Location: IAST
Coordinator: Prof. J. Kent Blasie, Chem, 215/898-6208
e-mail: jkblasie@sas.upenn.edu
The LRSM is a charter member of the Complex Materials Consoritum (CMC), which is a consortium of scientists self-assembled for the pursuit of state-of-the-art synchrotron radiation-based materials research at the Advanced Photon Source (APS), Argonne National Laboratory. The CMC's collective research program concerns more generally the structures and properties of so-called "Complex Materials" drawing members from three MRSECs (PENN, Princeton and UCSB), plus the Physics Department at the University of Tennessee, the Solid State Division of Oak Ridge National Laboratory, the Physics Department of Brookhaven National Laboratory, the Basic Energy Sciences Division of Los Alamos National Laboratory, and the Exxon Corporate Research Laboratory. The CMC has secured funding from the DOE and the NSF in addition to "up-front" funds from the charter institutions to construct beamlines on the undulator-magnet source and on the bending-magnet source at Sector 9 of the APS. The endstations on these beamlines, each with doubly-focusing x-ray optics, will contain instrumentation optimized for absorption spectroscopy, scattering from solid surfaces, high DQ-resolution scattering, small-angle scattering and scattering from liquid-surfaces, including state-of-the-art detection.

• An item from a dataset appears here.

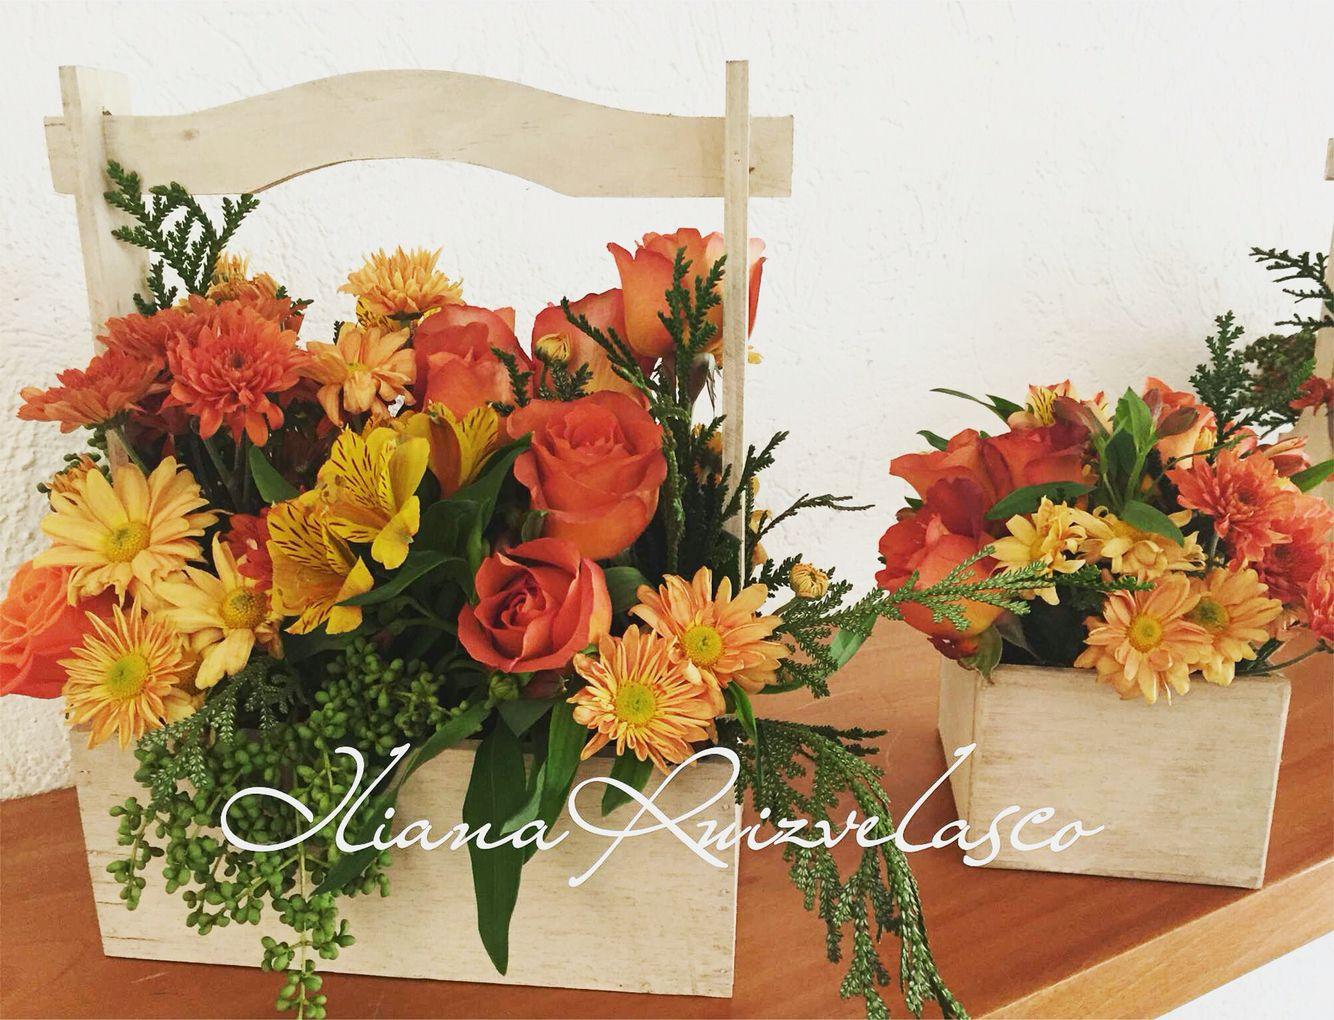 Diseño floral centro de mesa Iliana Ruizvelasco

The commissioning of the first undulator beamline and the small-angle and liquid-surface (see figure below) spectrometers began in summer '99. Several initial experiments have been performed (Blasie, Egami, Heiney, Gibbs-BNL). The construction of the remaining beamlines is underway.
In-house high-resolution x-ray scattering facilities provide for essential work preliminary to that at synchrotron radiation facilities. Those at the Laboratory for Research on the Structure of Matter are based on a Nonius FR-591 high-brightness rotating-anode x-ray generator, focusing optics, and a two-dimensional detector.